Le calme après la tempête dans le conflit commercial entre Chine et États-Unis?

Depuis le début, en mars 2018, du conflit commercial entre les deux premières puissances économiques du monde, elles se rendent ainsi coup sur coup.
Photo: Mark Ralston Agence France-Presse Depuis le début, en mars 2018, du conflit commercial entre les deux premières puissances économiques du monde, elles se rendent ainsi coup sur coup.

Un calme aussi soudain que la tempête avait été brutale : après s’être accablées réciproquement de droits de douane et de reproches vendredi, la Chine et les États-Unis ont repris lundi le chemin de la négociation.

« Je pense que tout est possible […] Nous avons des négociations très significatives, qui n’ont jamais été aussi significatives », a même assuré le président américain, Donald Trump, depuis Biarritz, où il participe au sommet du G7.

De son côté, le principal négociateur chinois, Liu He, a assuré que Pékin était prêt à « résoudre calmement le problème par des consultations et la coopération ».

« Nous sommes résolument opposés à l’escalade de la guerre commerciale » qui n’est bonne « ni pour la Chine, ni pour les États-Unis, ni pour les peuples du monde », a ajouté M. Liu, cité par la presse financière.

Dans ce climat d’apaisement, la dégringolade du yuan face au dollar, au plus bas depuis 2008, une évolution favorable aux exportateurs chinois, est presque passée inaperçue.

Le milliardaire américain, qui a pour obsession la réduction du gigantesque déficit commercial qu’accusent les États-Unis, ne perd d’ordinaire jamais une occasion de se plaindre du bas niveau de la monnaie chinoise, dont le cours est étroitement contrôlé par Pékin.

Reste à voir quel tour vont prendre en pratique les discussions, qui restent nimbées de nombreuses interrogations et se déroulent sur fond de campagne électorale aux États-Unis, avec un Donald Trump jouant à fond la carte du patriotisme économique.

Donald Trump a assuré que la demande de dialogue était venue de Pékin. « La Chine a appelé la nuit dernière […] Elle a dit “revenons à la table des négociations” alors on va y revenir », a-t-il dit, sans préciser qui avait « appelé » qui.

Interrogé lors d’un point de presse, le porte-parole de la diplomatie chinoise, Geng Shuang, a dit ne pas être au courant de la conversation évoquée par M. Trump.

Aucune date n’a été fixée pour cette reprise de contact. Lors de leur dernière négociation à Shanghai fin juillet, les deux parties avaient convenu de se revoir en septembre aux États-Unis, sans plus de précision.

Le yuan dévisse à nouveau

L’accalmie est aussi soudaine que la tempête avait été brutale vendredi, en particulier sur les marchés.

Avant le week-end, la Chine avait annoncé un relèvement de ses droits de douane sur des produits américains représentant 75 milliards de dollars d’importations annuelles.

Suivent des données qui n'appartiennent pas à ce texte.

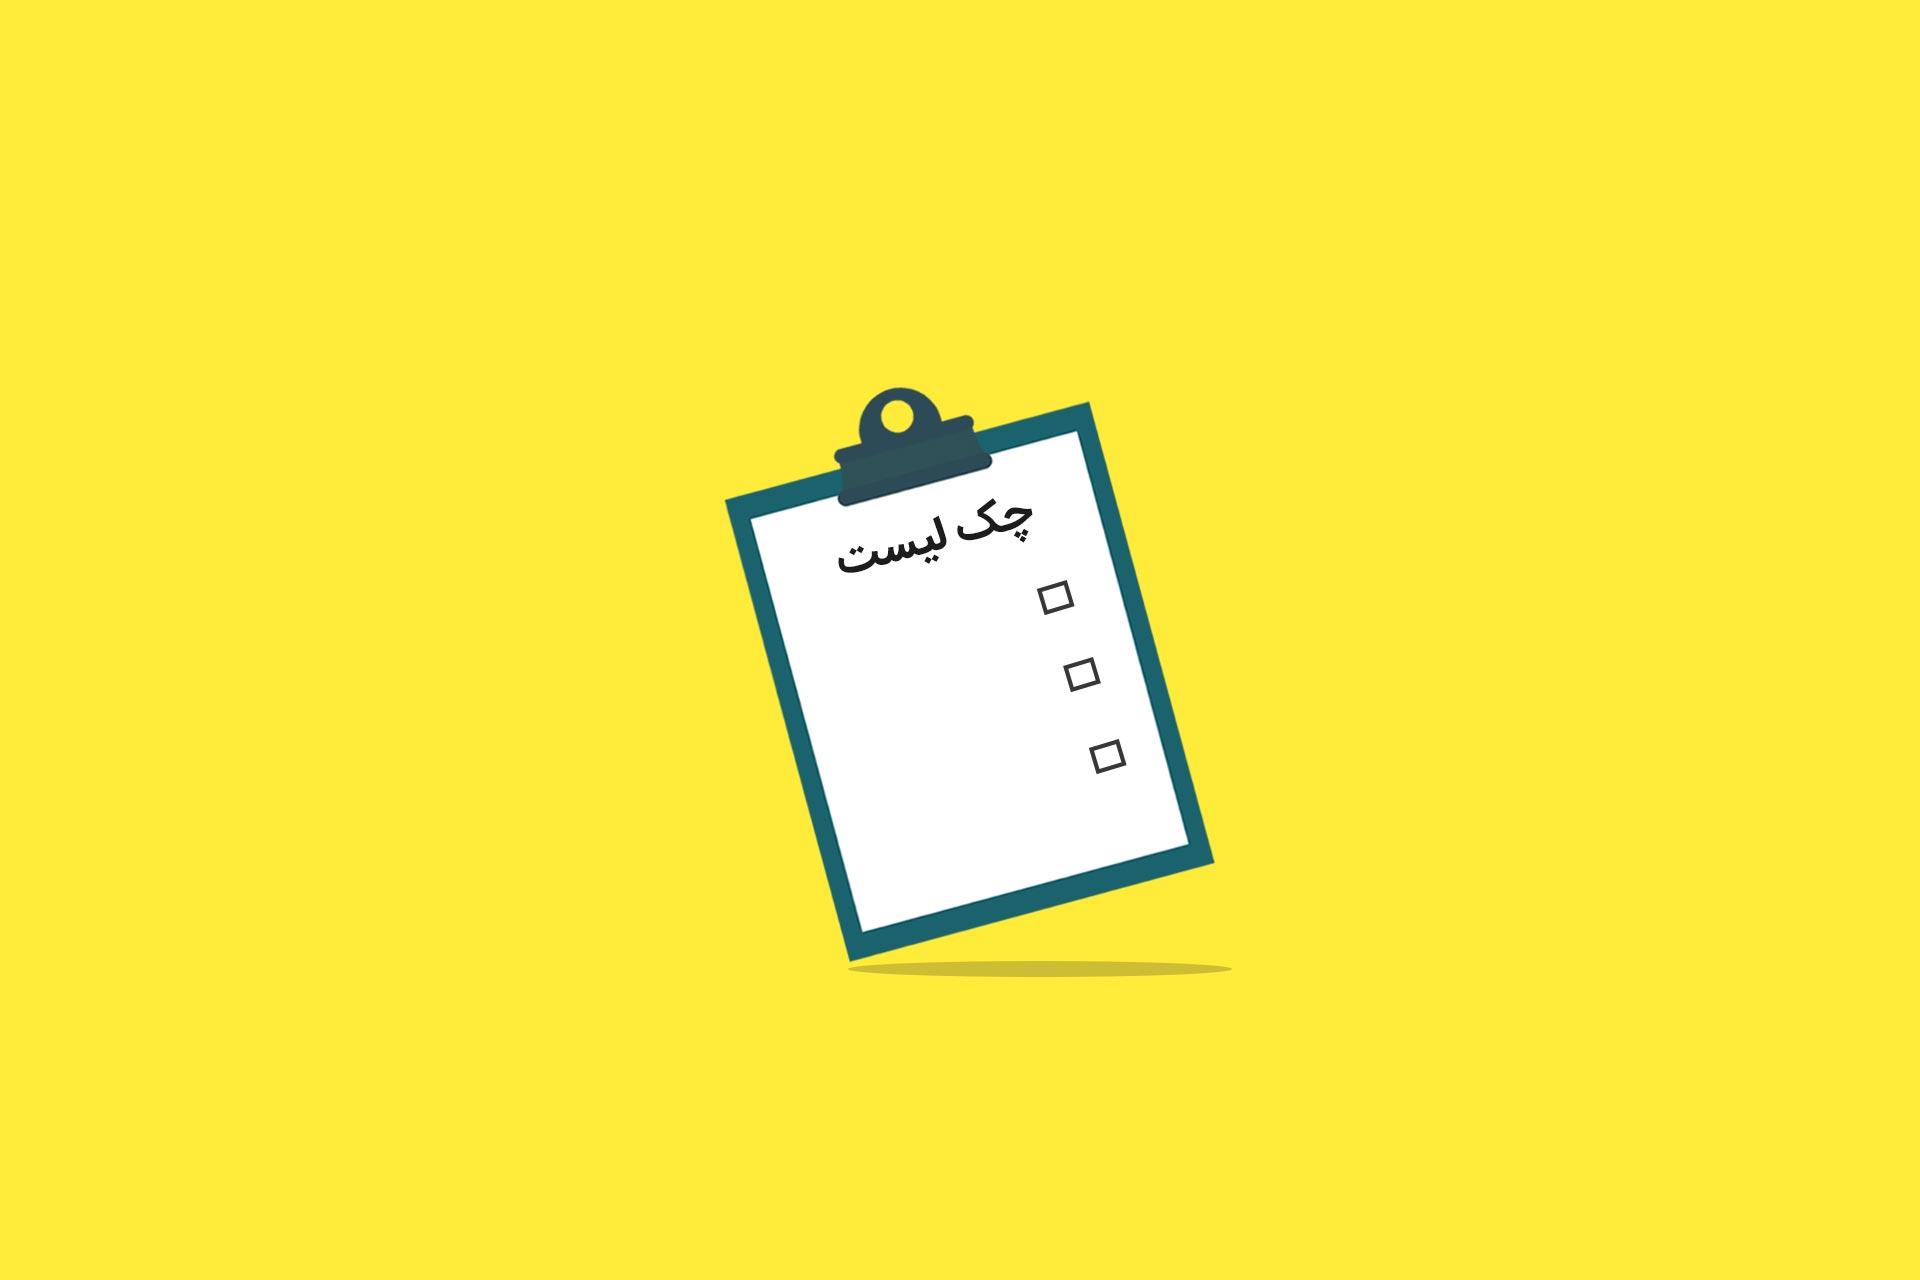 تهیه چک لیست، قبل از طراحی پاورپوینت

Il s’agissait d’une riposte à des sanctions commerciales américaines déjà annoncées. Depuis le début, en mars 2018, du conflit commercial entre les deux premières puissances économiques du monde, elles se rendent ainsi coup sur coup.

Prévisible, cette initiative chinoise n’en a pas moins déclenché une forte réaction américaine, Washington annonçant des hausses plus fortes que prévu de ses propres surtaxes douanières sur les produits chinois, le 1er septembre puis le 15 décembre.

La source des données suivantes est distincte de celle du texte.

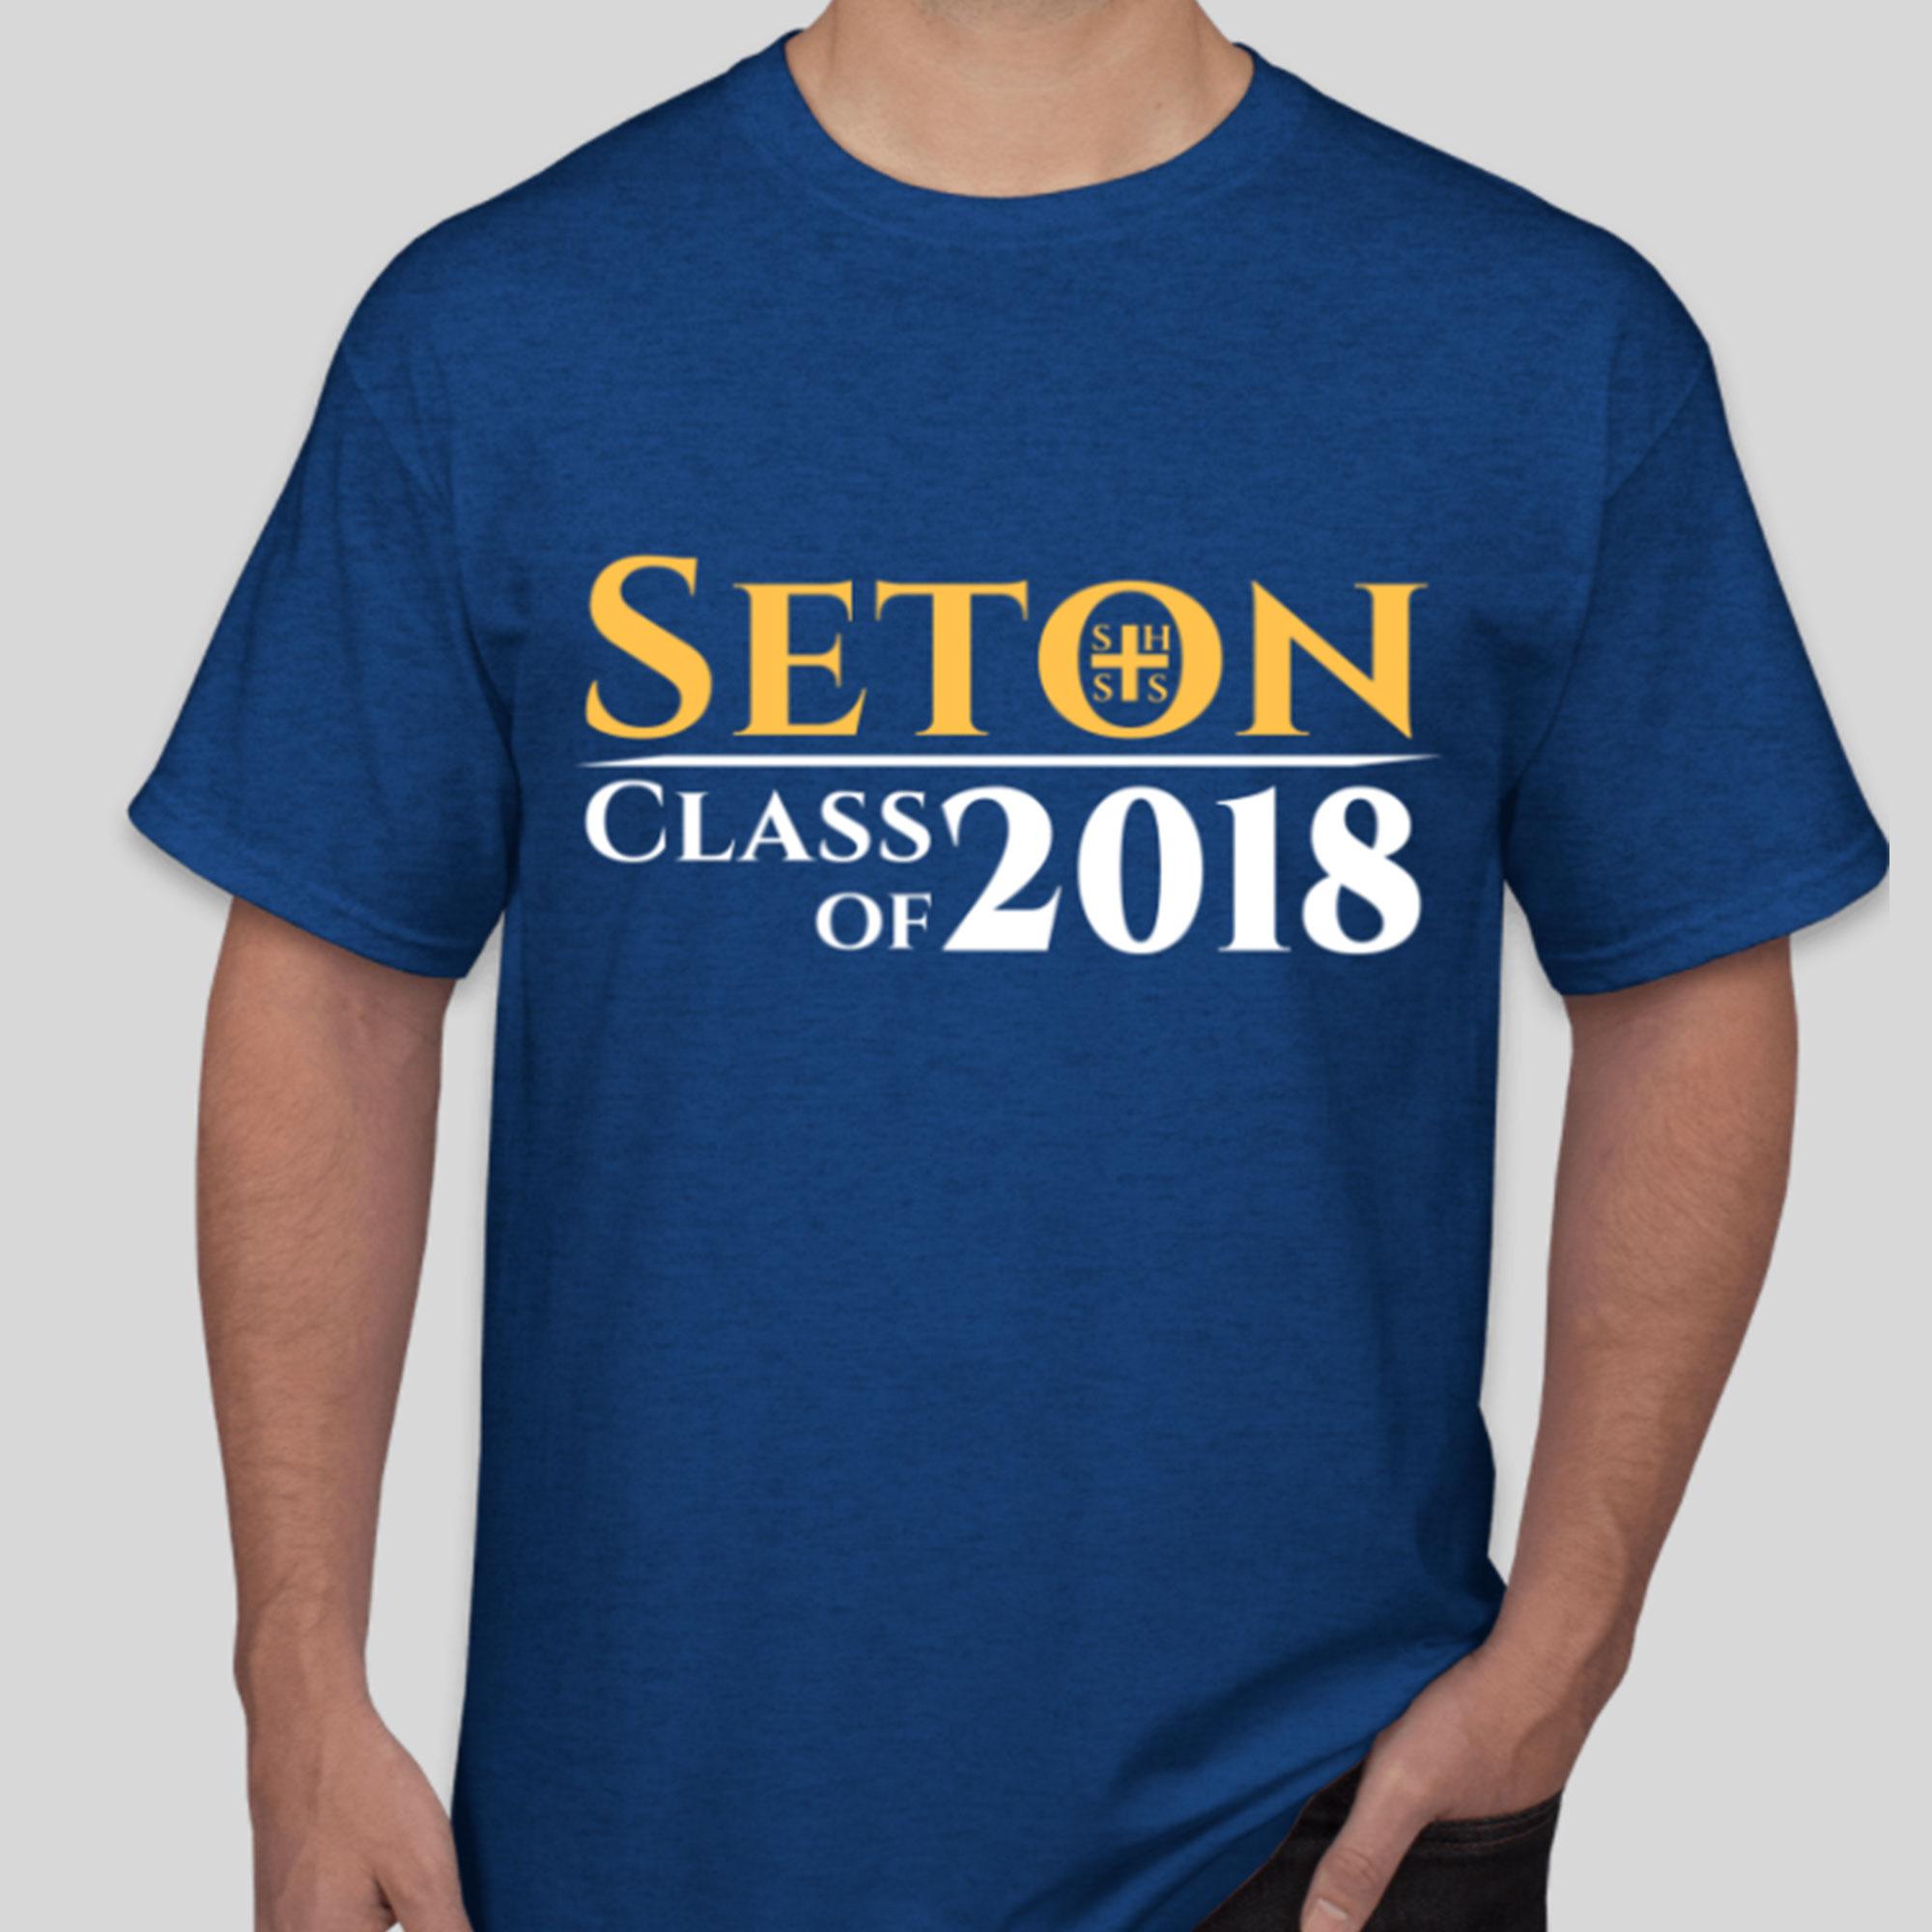 Seton Class of 2018 T-Shirt Adult Large

Le président Trump a en outre tétanisé les milieux d’affaires américains en les sommant de cesser de faire des affaires avec la Chine, une menace dont il n’a pas précisé le fondement juridique, et qui a été ensuite atténuée par de hauts responsables de son administration.

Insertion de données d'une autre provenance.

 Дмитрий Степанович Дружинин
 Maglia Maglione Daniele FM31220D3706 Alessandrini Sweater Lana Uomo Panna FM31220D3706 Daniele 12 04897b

Les marchés, à bout de nerfs après plus d’une année de conflit commercial, entre réconciliations inattendues et accès de fièvre imprévisibles, ont trinqué. Wall Street a perdu plus de 2 % vendredi. Et les places asiatiques ont, elles aussi, bu la tasse, avant les déclarations apaisantes de part et d’autre.

Lundi, les places européennes cotaient au contraire en petite hausse, profitant de l’accalmie.

Comme en réaction à la menace de l’ancien magnat de l’immobilier, représentant d’une droite américaine pourtant hostile en général à toute contrainte publique sur les entreprises, M. Liu a assuré lundi que la Chine souhaitait « accueillir les investisseurs du monde entier, y compris des États-Unis ».

La Chambre de Commerce américaine à Shanghai a souligné que les entreprises de l’Oncle Sam ne pouvaient pas se retirer de l’immense marché chinois, ce qui ne ferait que pénaliser l’économie des États-Unis. « Le coût économique (de la guerre commerciale) est déjà considérable », a déclaré la Chambre dans un communiqué.